As shown in Table 3, thyme white, oregano, ivory, bay, clove leaf, thyme red, clove bud and pimento berry were very strong for all 10 strains when treated with a concentration of 5 mg of plant essential oil. When the concentration of 1 mg of plant essential oil was treated, thyme white, oregano, and ivory generally showed strong growth inhibitory activity.

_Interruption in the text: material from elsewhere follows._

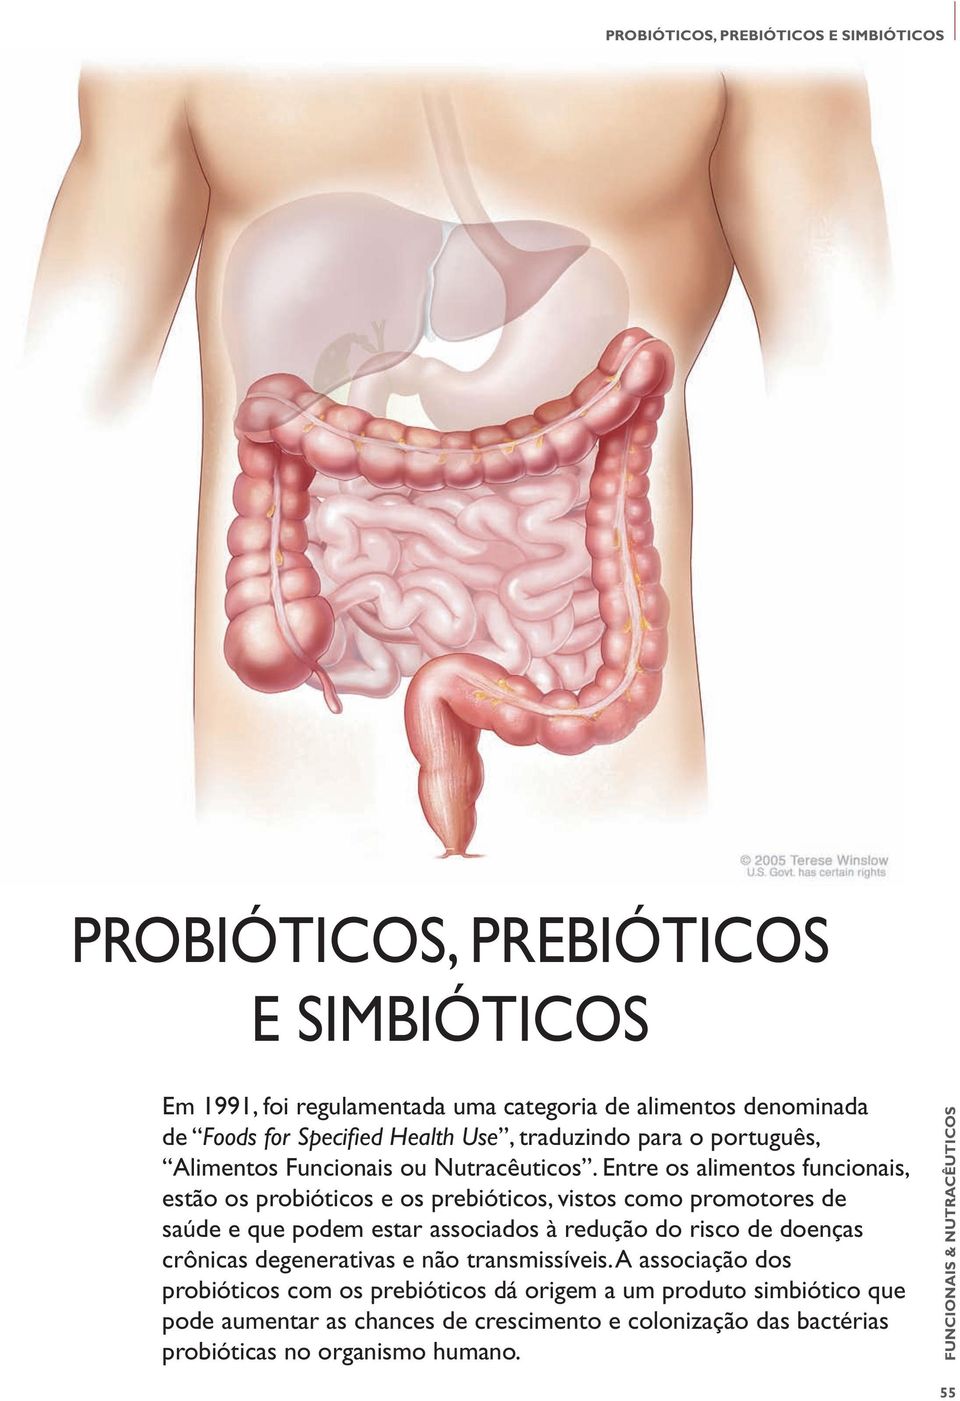 Entre os alimentos funcionais, estão os probióticos e os prebióticos, vistos como promotores de saúde e que podem estar associados à redução do risco

As described above, the plant essential oil of the present invention is an environmentally friendly substance that inhibits the growth of pathogenic bacteria and toxin-producing fungi, and does not cause side effects due to human toxicity, retention and accumulation, and is an alternative to conventional synthetic antibacterial and / or antifungal agents. Can be used.

Claims (6)

As an antibacterial and antifungal composition comprising plant essential oil as an active ingredient, The plant essential oil is an essential oil selected from the group consisting of Cade, Calamus, Chamomile Roman and Howood; And The antibacterial and antifungal properties are Serratia marcescens, Fusobacterium nucleatum, Vibrio parahaemolyticus, Prevotella intermedia, Klebsiella Klebsiella pneumoniae, Aspergillus alutaceus, Aspergillus flavus, Aspergillus fumigatus, Aspergillus paracyiticus ), Penicillium expansum, Penicillium puberulum, Penicillium verrucosum, Fusarium oxysporum, Fusarium sambucinum ) And Fusarium proliferatum antimicrobial and antifungal composition for a strain selected from the group consisting of. delete delete As an antibacterial and antifungal composition comprising plant essential oil as an active ingredient, The plant essential oil is an essential oil selected from the group consisting of bay, lemongrass, pimento berry, litsea cubeba and coriander; And The antimicrobial and antifungal properties are Serratia marcescens, Fusobacterium nucleatum, Vibrio parahaemolytics, Prevotella intermedia, Klebsiella Klebsiella pneumoniae, Penicillium expansum, Penicillium puberulum, Penicillium verrucosum, Fusarium oxysporum, Fusarium An antibacterial and antifungal composition for a strain selected from the group consisting of Fusarium sambucinum and Fusarium proliferatum. As an antibacterial and antifungal composition comprising plant essential oil as an active ingredient, The plant essential oils are thyme white, thyme red, oregano, oregano, clove bud, clove leaf, dill weed, palmarosa, melissa Essential oils selected from the group consisting of Melissa and Savory; And The antibacterial and antifungal properties are Serratia marcescens, Fusobacterium nucleatum, Vibrio parahaemolyticus, Prevotella intermedia, Klebsiella Antibacterial and antifungal for strains selected from the group consisting of Klebsiella pneumoniae, Fusarium oxysporum, Fusarium sambucinum and Fusarium proliferatum Sex composition. As an antimicrobial and antifungal composition comprising Cinnamon bark as an active ingredient, The antimicrobial and antifungal properties are Serratia marcescens, Vibrio parahaemolyticus, Prevotella intermedia, Klebsiella pneumoniae, Fuzium oxis An antimicrobial and antifungal composition for a strain selected from the group consisting of Fusarium oxysporum, Fusarium sambucinum and Fusarium proliferatum.